**About this exercise**
Without the pictures, set down every line of the data exactly.

**Data excerpt**
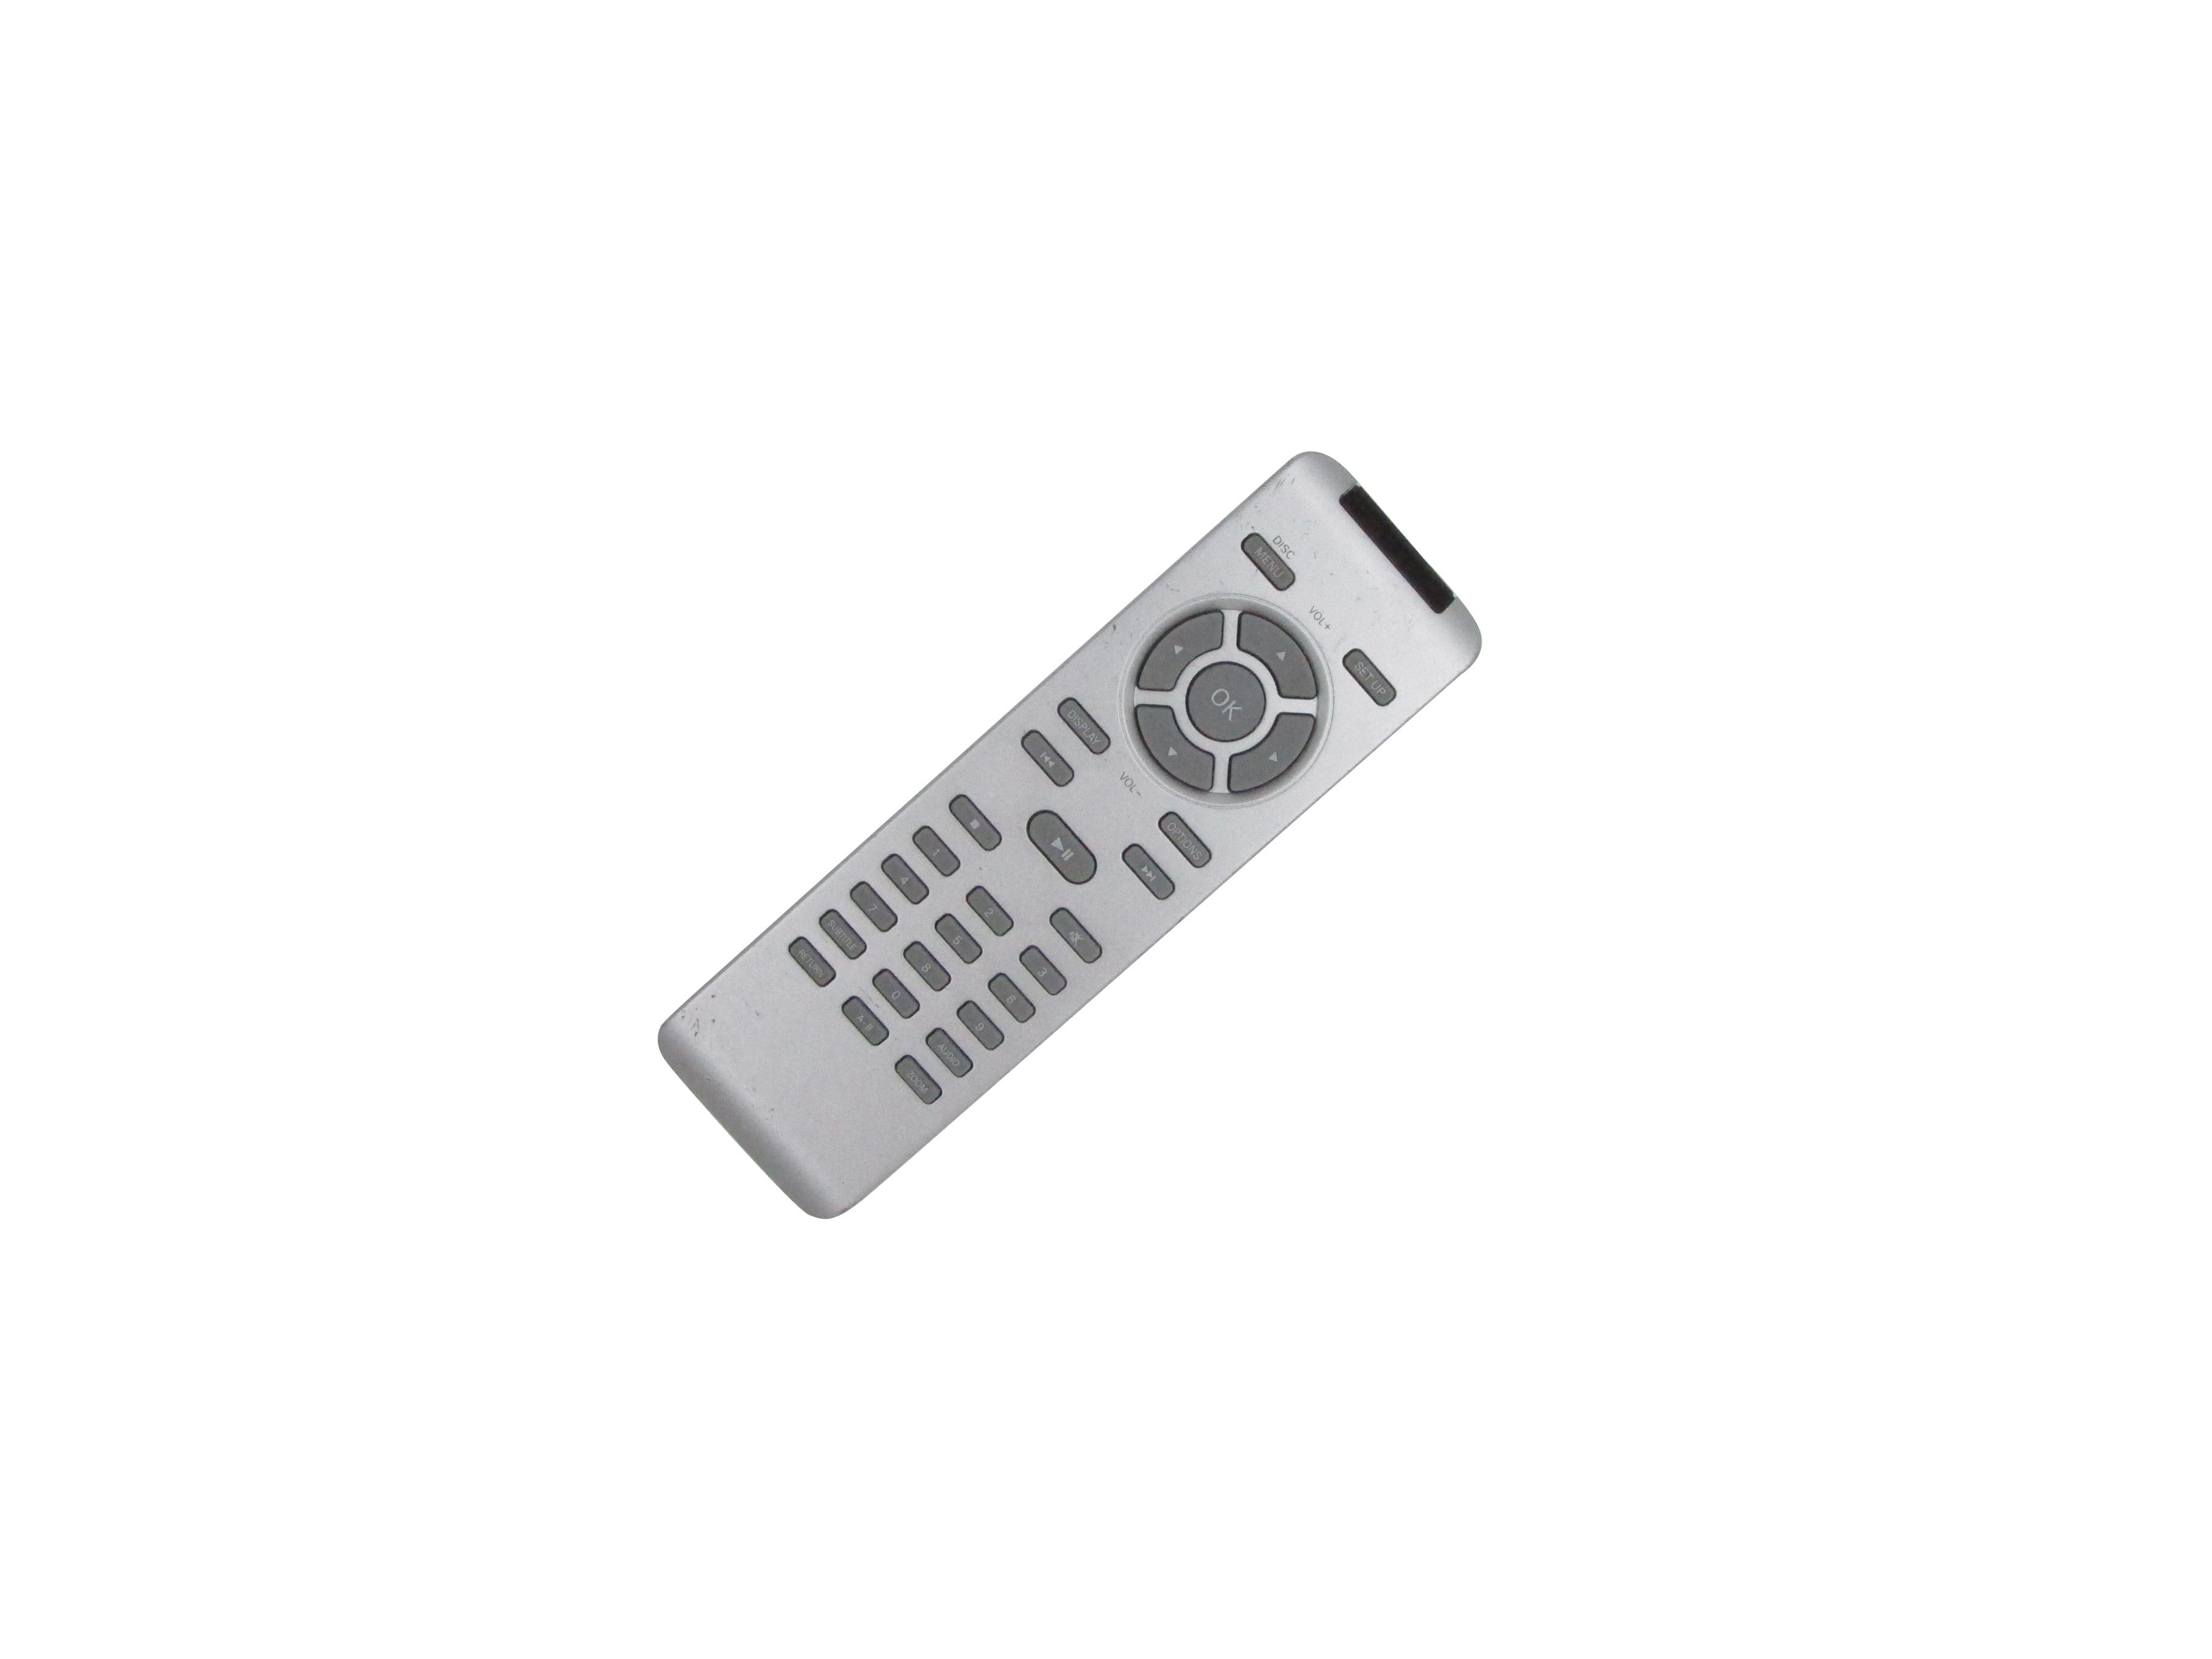 Remote Control For Philips PET1031/05 PET1031/12 PET2008/93 PET738 PET738/58PET704 PET704/05 Portable DVD Player
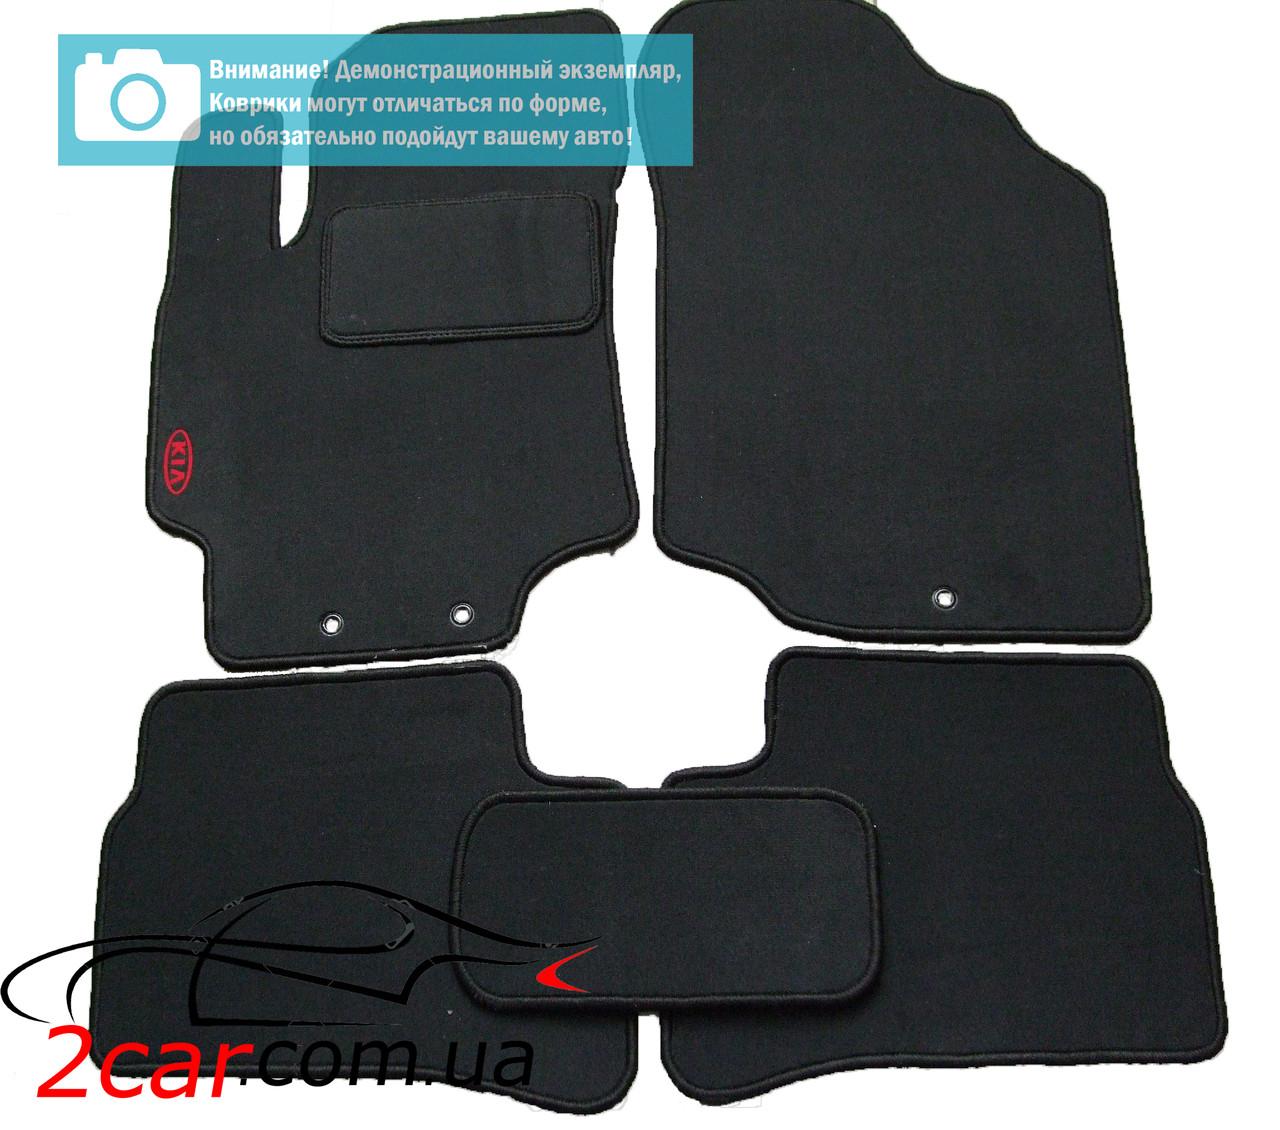 Текстильные коврики в салон для Volkswagen Jetta (2011-) (чёрный) (StingrayUA)
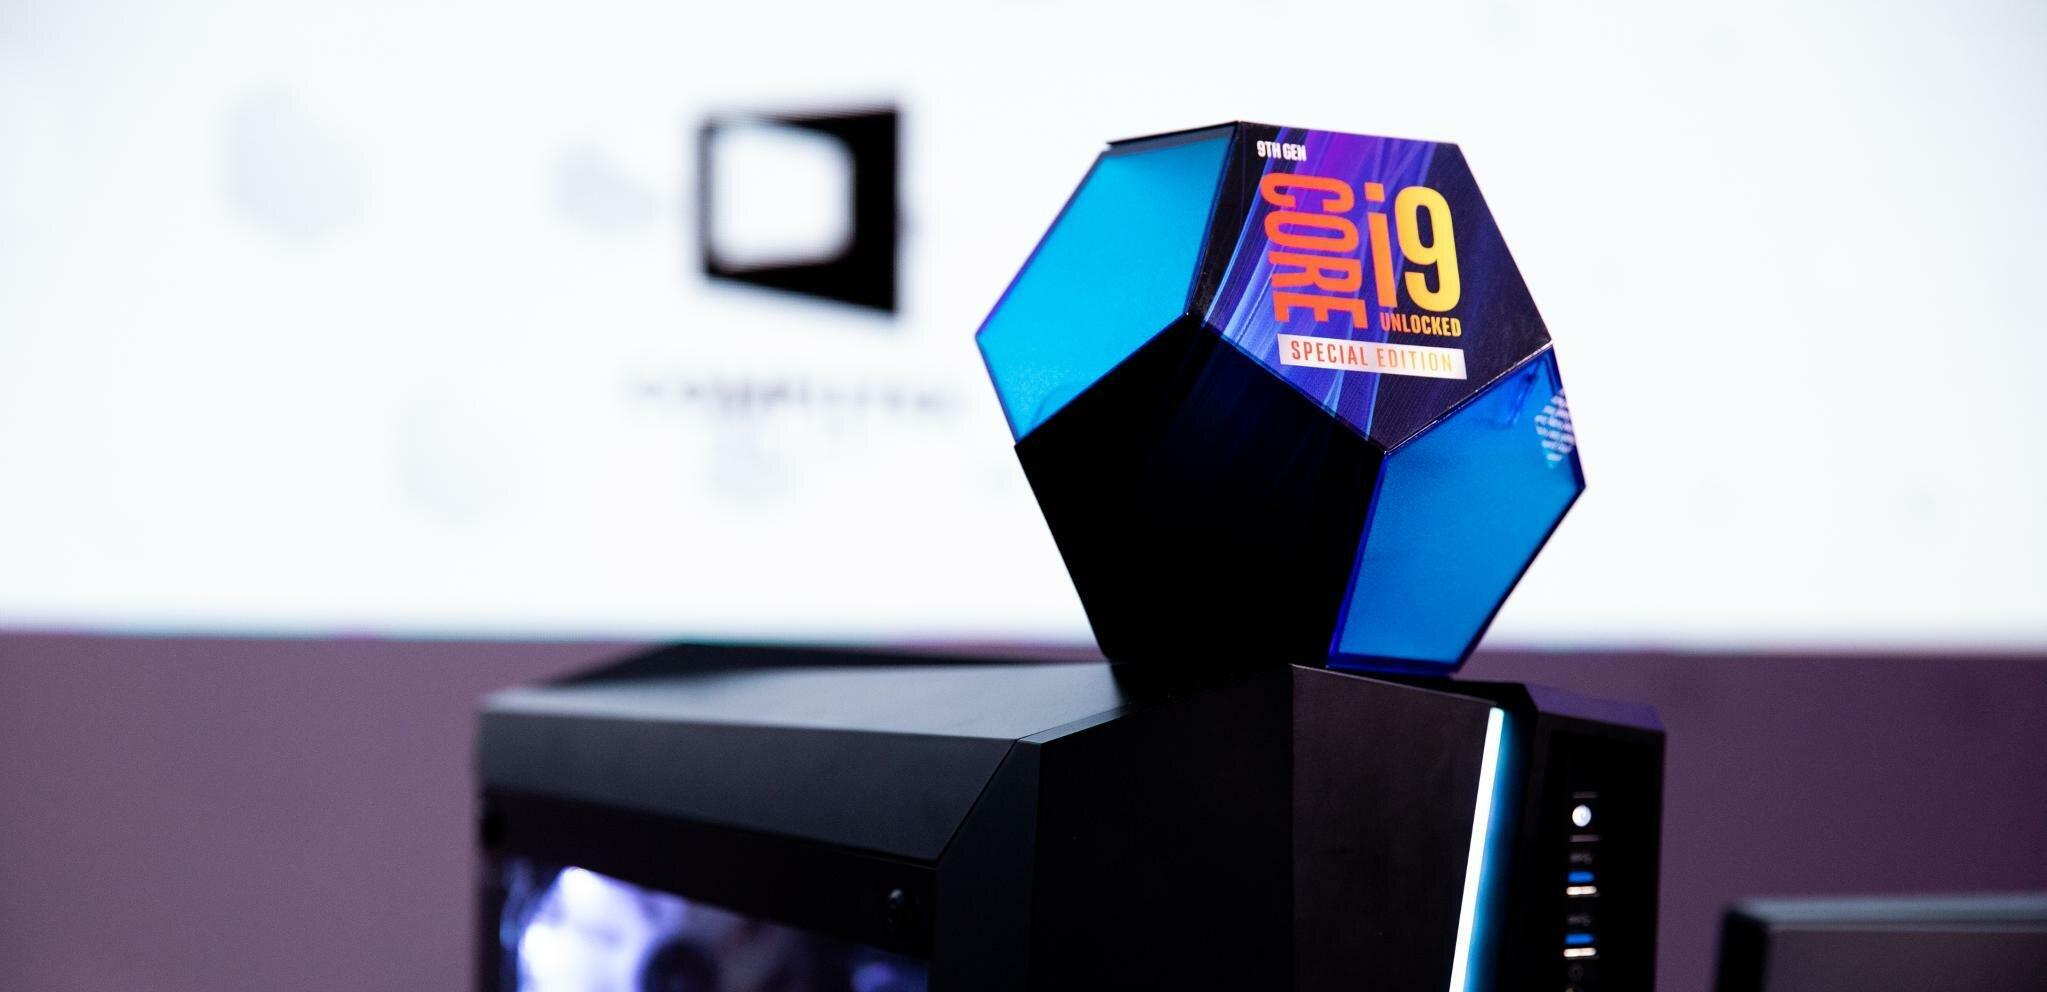 Intel annonce le Core i9-9900KS à 5 GHz en toutes circonstances sans prix, disponibilité... ou TDP
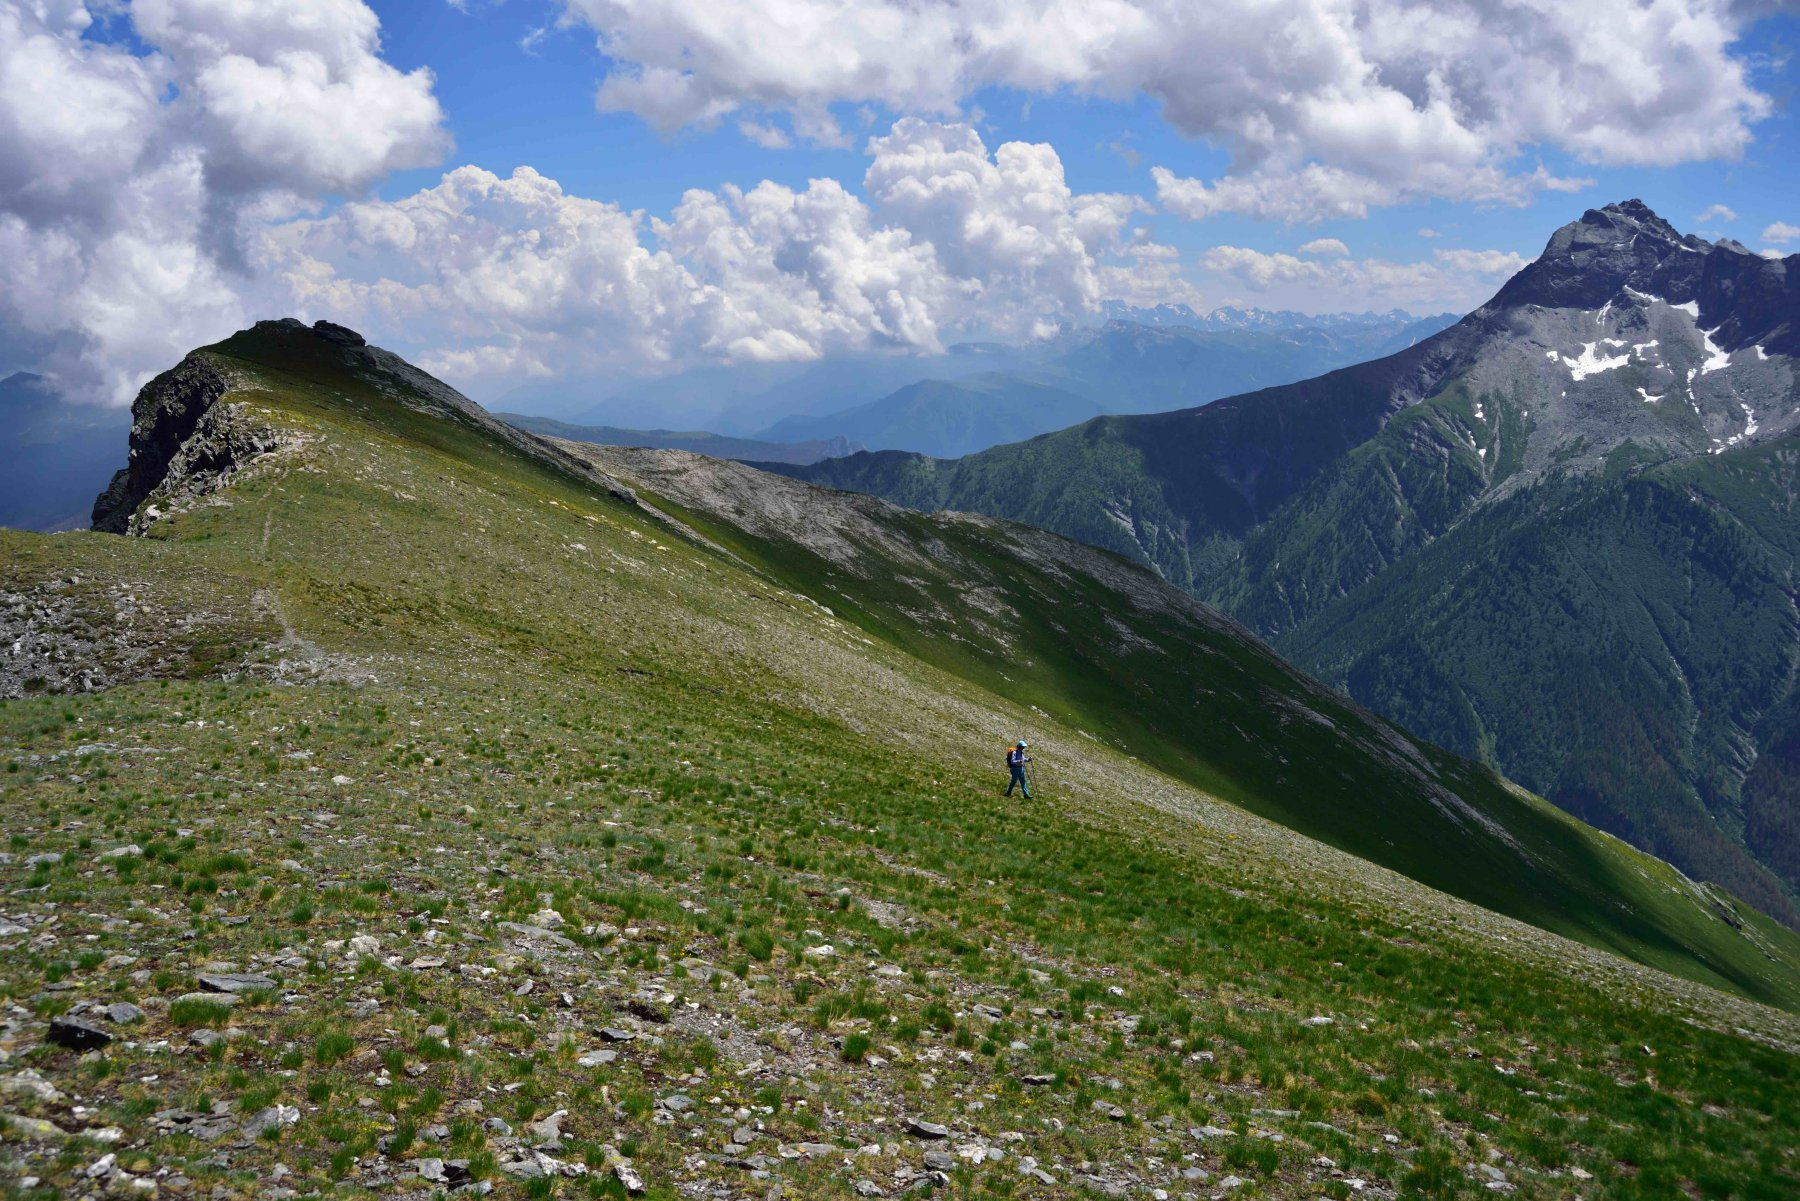 Il M.Pietralunga e il Pelvo d'Elva visti dalla cresta verso il Colle del Bondormir

**Response to this exercise**
 Remote Control For Philips PET1031/05 PET1031/12 PET2008/93 PET738 PET738/58PET704 PET704/05 Portable DVD Player
 Текстильные коврики в салон для Volkswagen Jetta (2011-) (чёрный) (StingrayUA)
 Intel annonce le Core i9-9900KS à 5 GHz en toutes circonstances sans prix, disponibilité... ou TDP
 Il M.Pietralunga e il Pelvo d'Elva visti dalla cresta verso il Colle del Bondormir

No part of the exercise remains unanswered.